Seeing a list of resources is great, but visually assessing a list of URLs and ports for red flags shouldn’t be part of anyone’s daily workflow. That’s where lockdown configurations come in. Lockdowns are a new type of Wick configuration that define restrictions for application. Lockdowns can restrict access to URLs, files, directories, and ports on a component by component basis.
kind: wick/lockdown@v1 resources: - kind: wick/resource/tcpport@v1 address: 0.0.0.0 port: '8999' components: [__local__] # __local__ is the root app context - kind: wick/resource/url@v1 allow: https://login.microsoftonline.com/organizations/oauth2/v2.0/token components: [oauth] - kind: wick/resource/url@v1 allow: http://localhost:5173/ components: [__local__] - kind: wick/resource/url@v1 allow: mssql://account.database.windows.net:1433/database components: [reports, users]

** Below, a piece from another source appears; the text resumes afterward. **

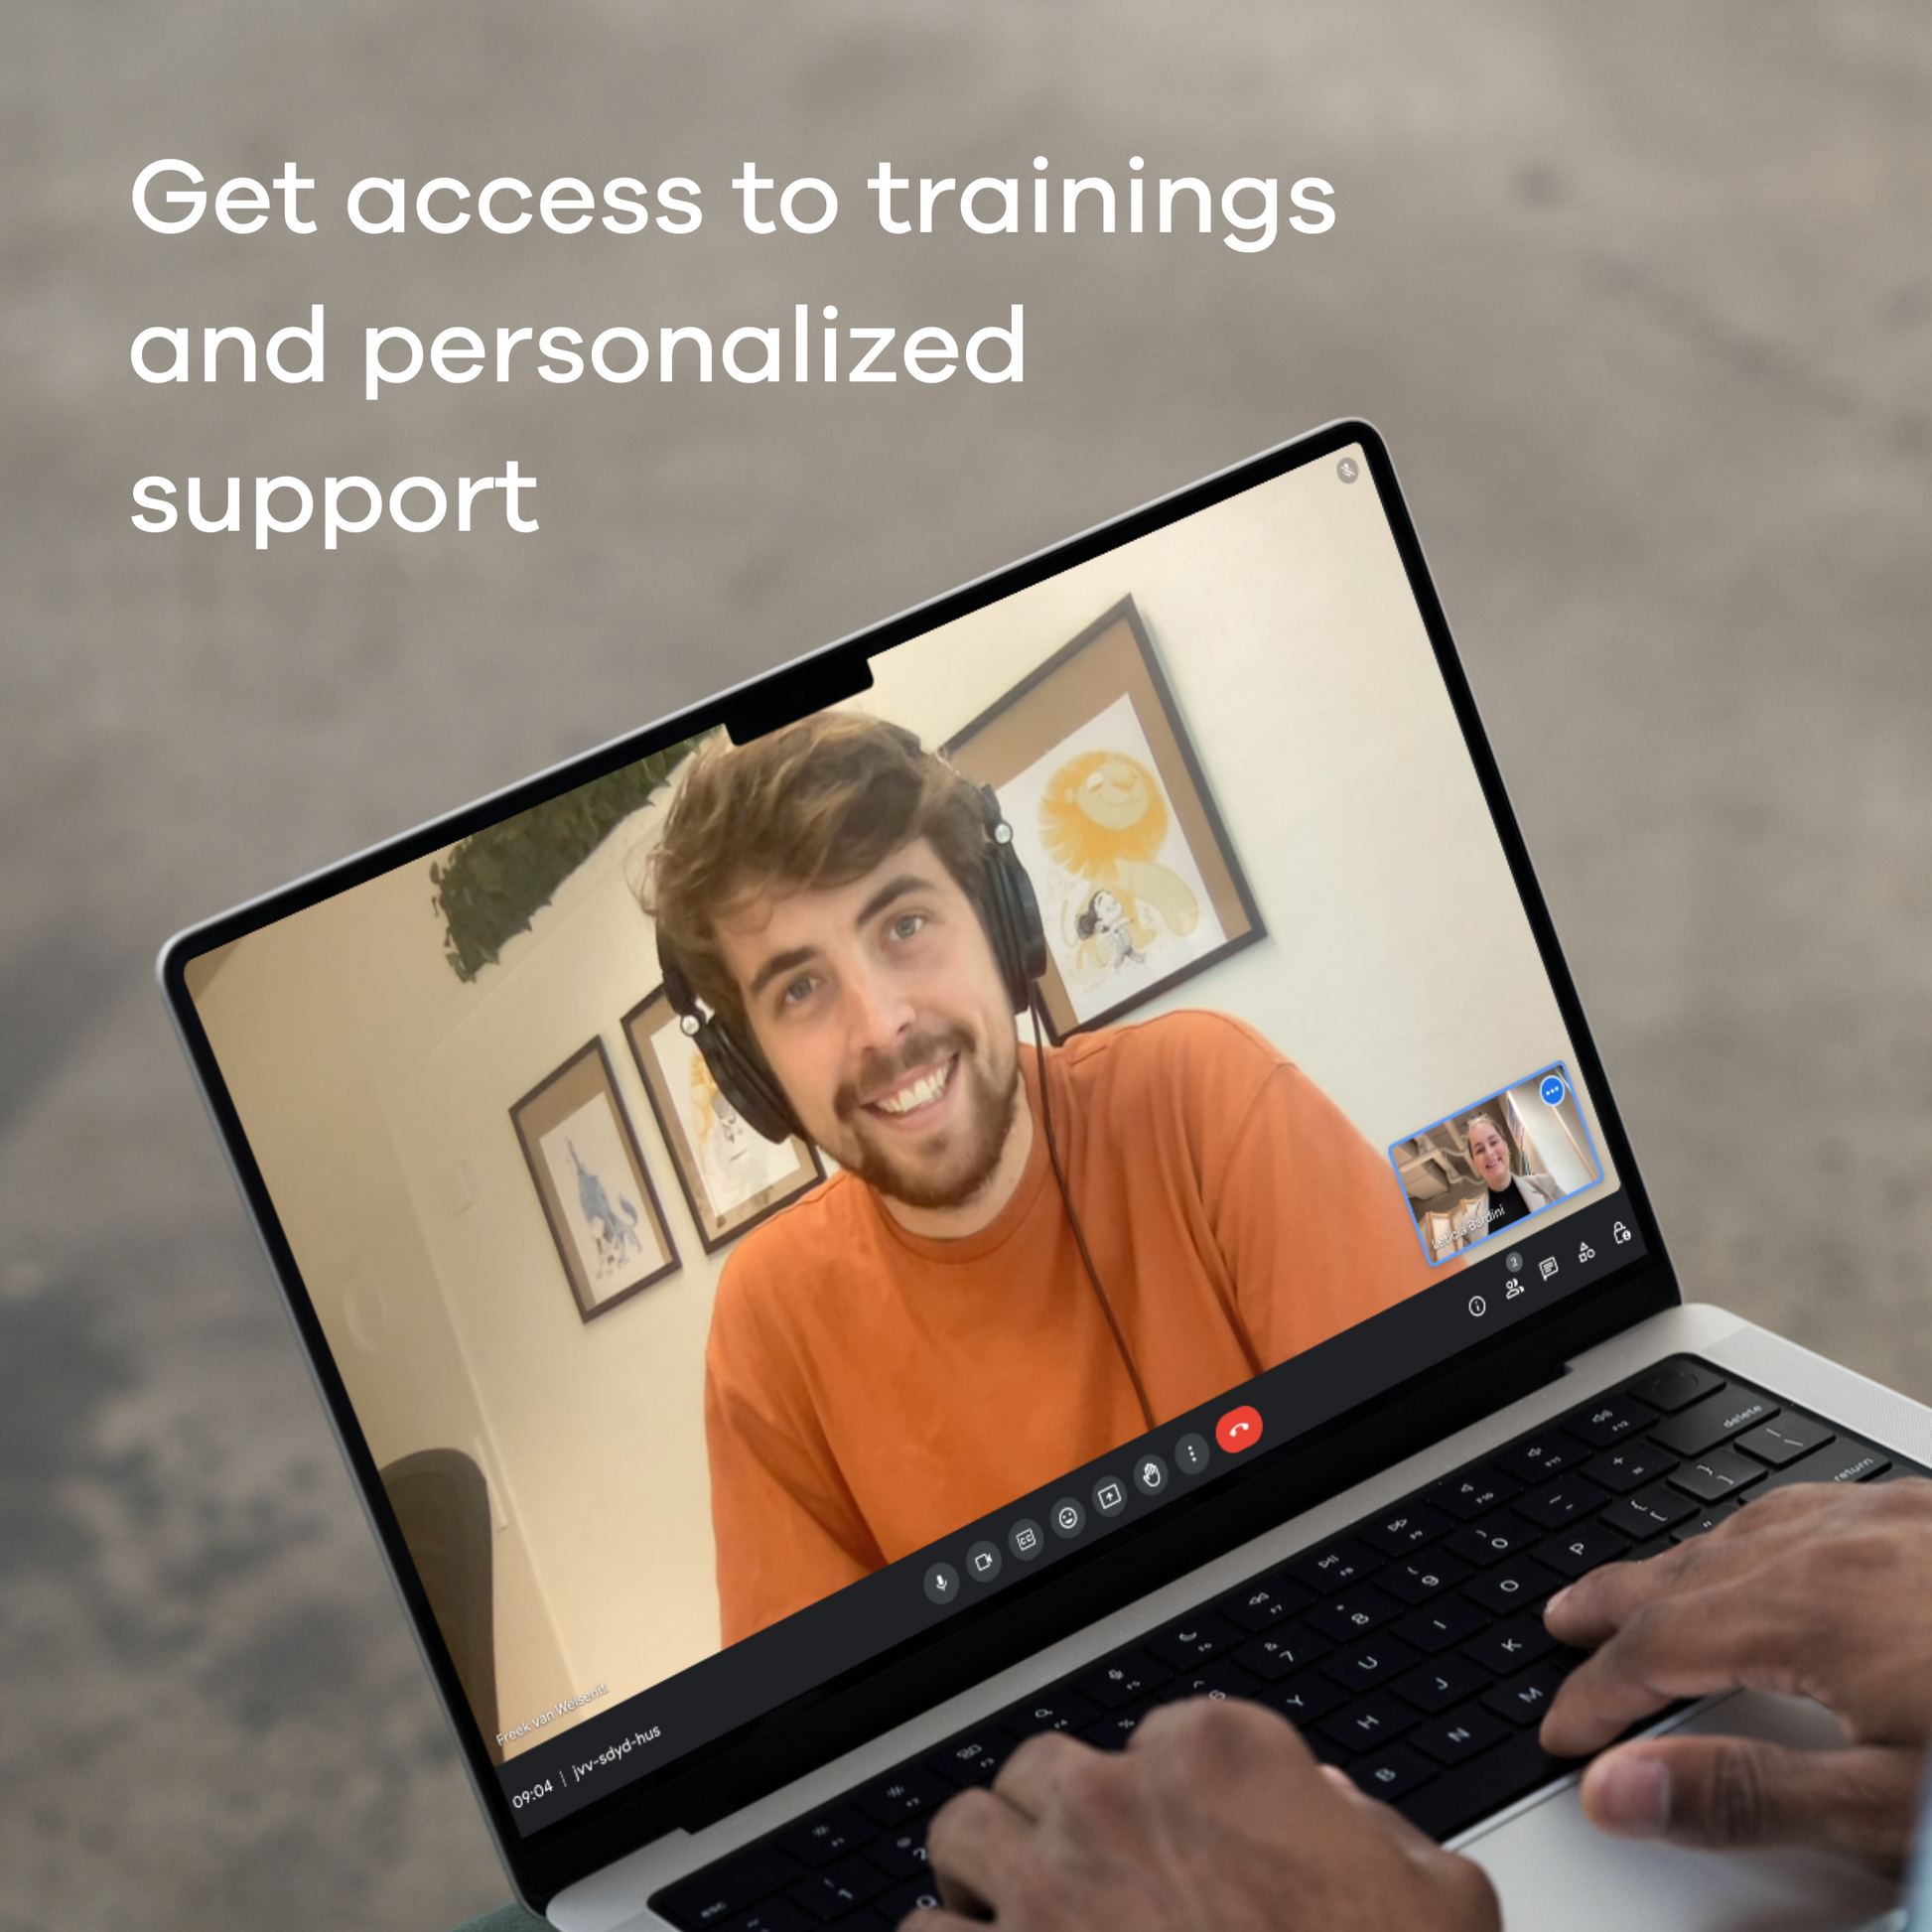 Once you receive your Hable One, you will gain access to training sessions and personalized support from our team, including a 30-minute call.

Let’s say you want to integrate a dependency that makes requests from a new URL or needs file system access. You shouldn’t have to grant that access to your whole application, just the component that needs it.
The wick config audit conveniently accepts a –lockdown flag and will happily generate a (passing) lockdown configuration from an audit report.
Security teams can use that lockdown configuration as a starting point to configure what an application is allowed to do.
Also in 0.13
We redid how logging, tracing, and telemetry is managed so you have greater control over what is logged and where it goes.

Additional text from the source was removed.